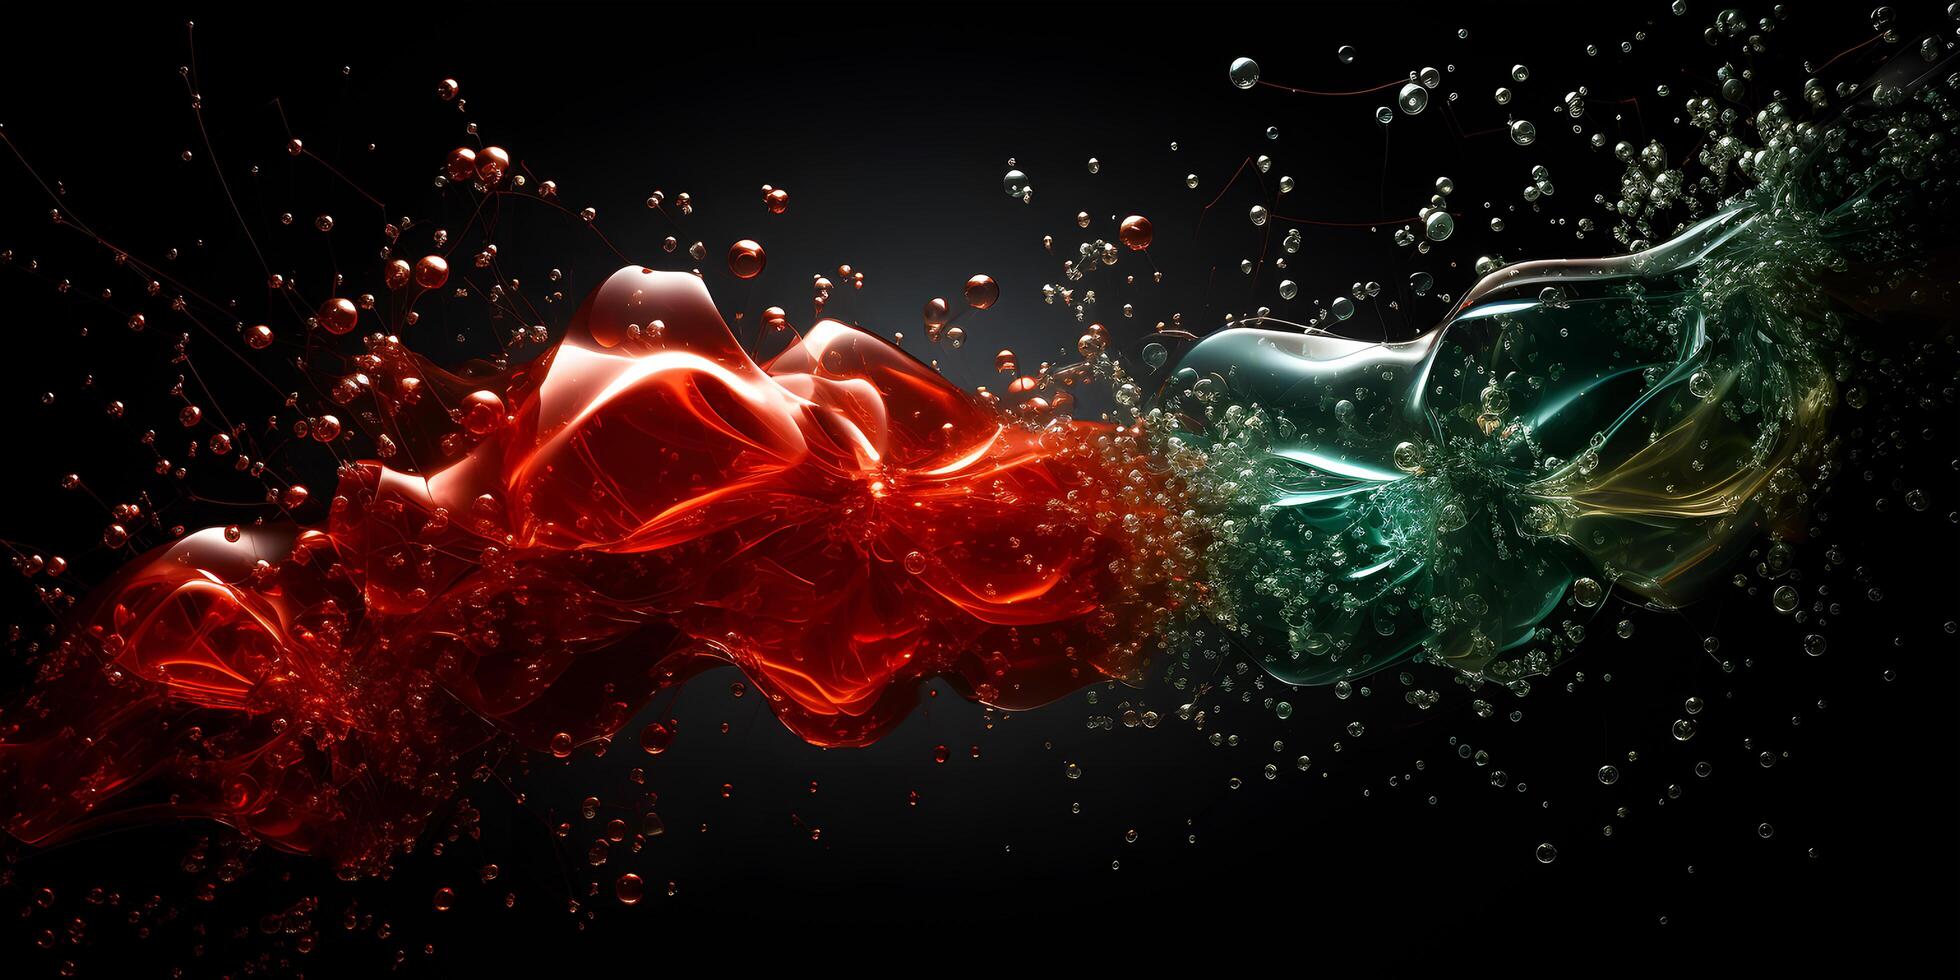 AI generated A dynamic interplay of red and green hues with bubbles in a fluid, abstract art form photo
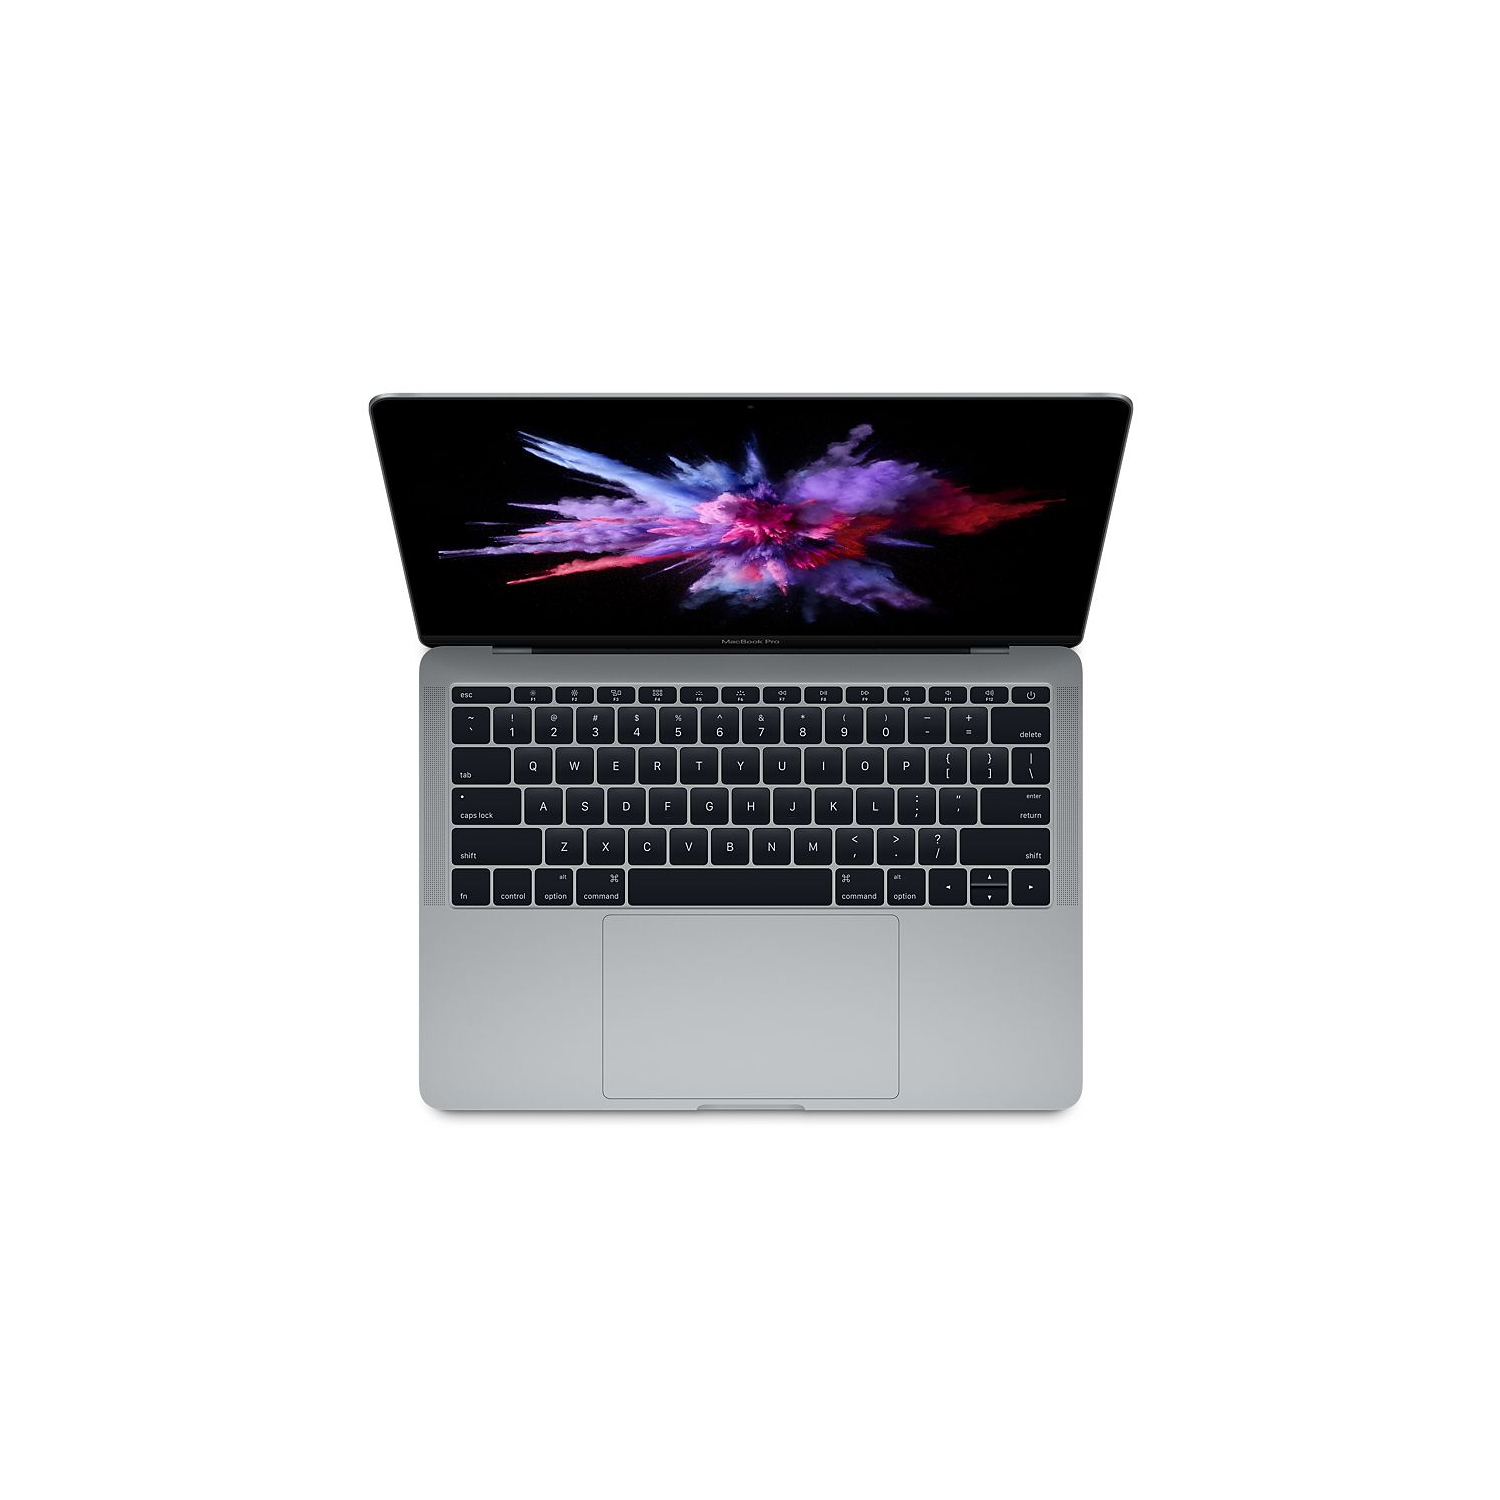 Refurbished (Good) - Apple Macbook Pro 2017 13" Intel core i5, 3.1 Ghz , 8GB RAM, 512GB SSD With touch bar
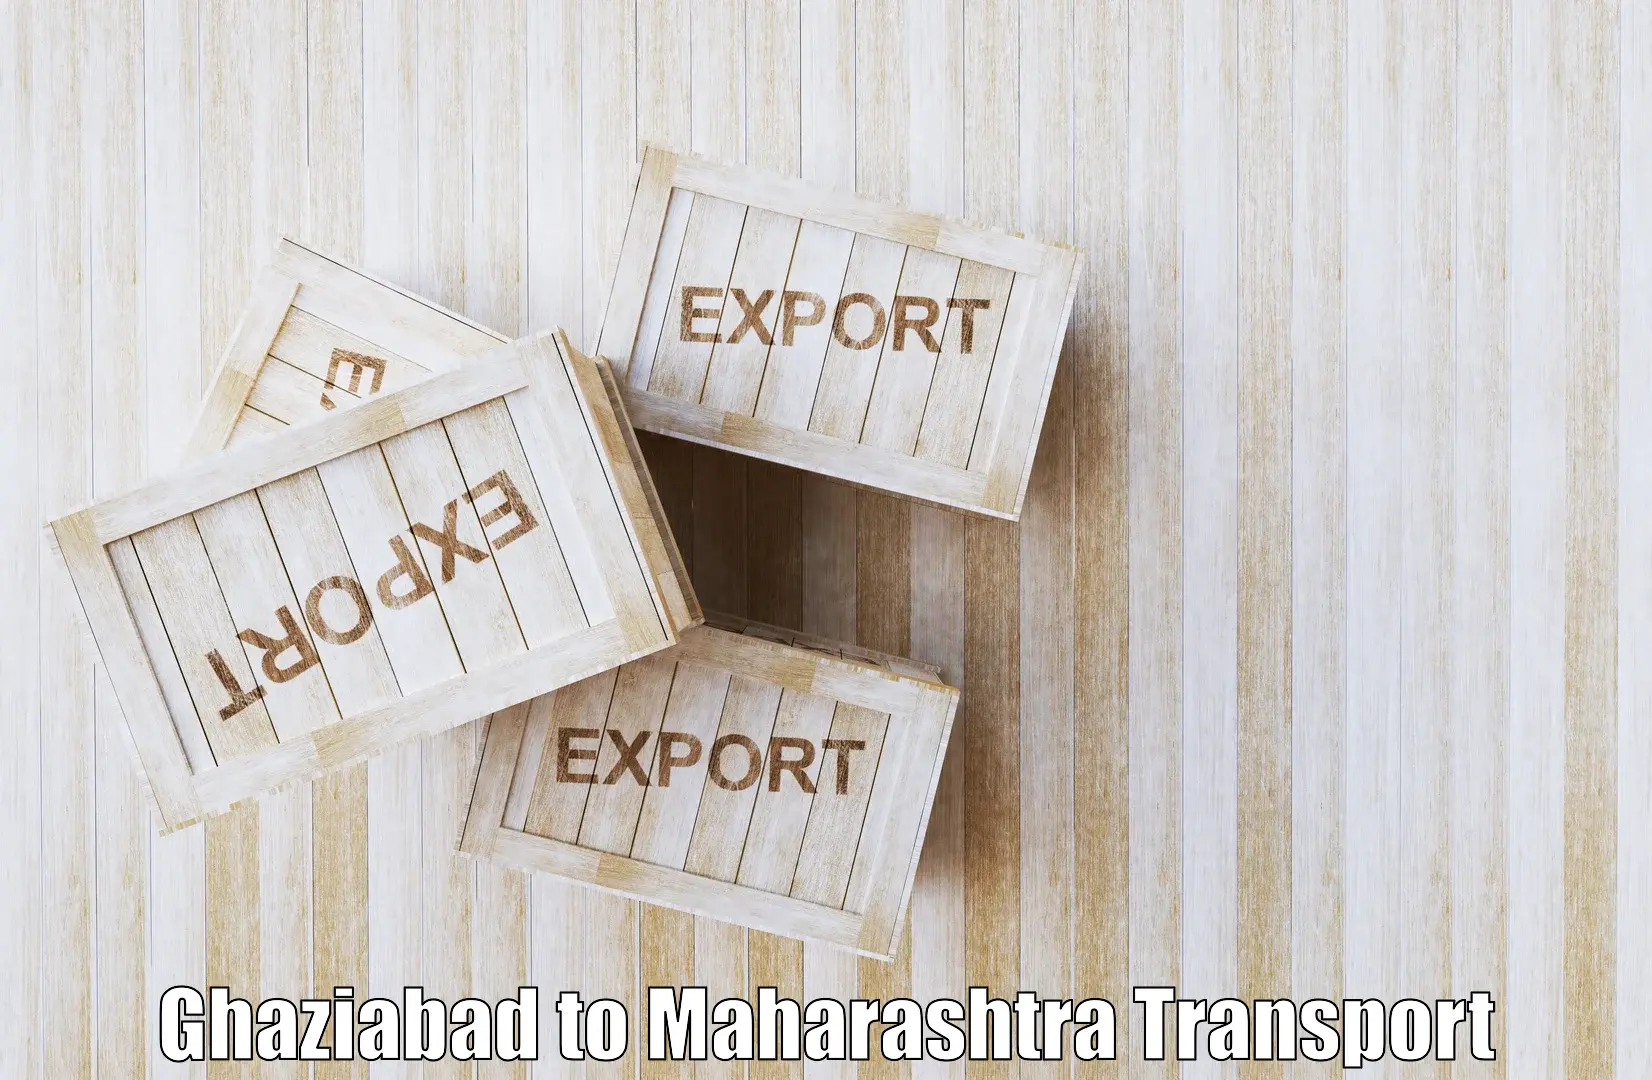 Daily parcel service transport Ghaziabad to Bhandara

TASK DESCRIPTION
Beginning with the line that contains "Refurbished (Good) - Apple" and ending with the last line of the data, transcribe each line exactly; pictures stay out.

EXPECTED ANSWER
 Refurbished (Good) - Apple Macbook Pro 2017 13" Intel core i5, 3.1 Ghz , 8GB RAM, 512GB SSD With touch bar
 Daily parcel service transport Ghaziabad to Bhandara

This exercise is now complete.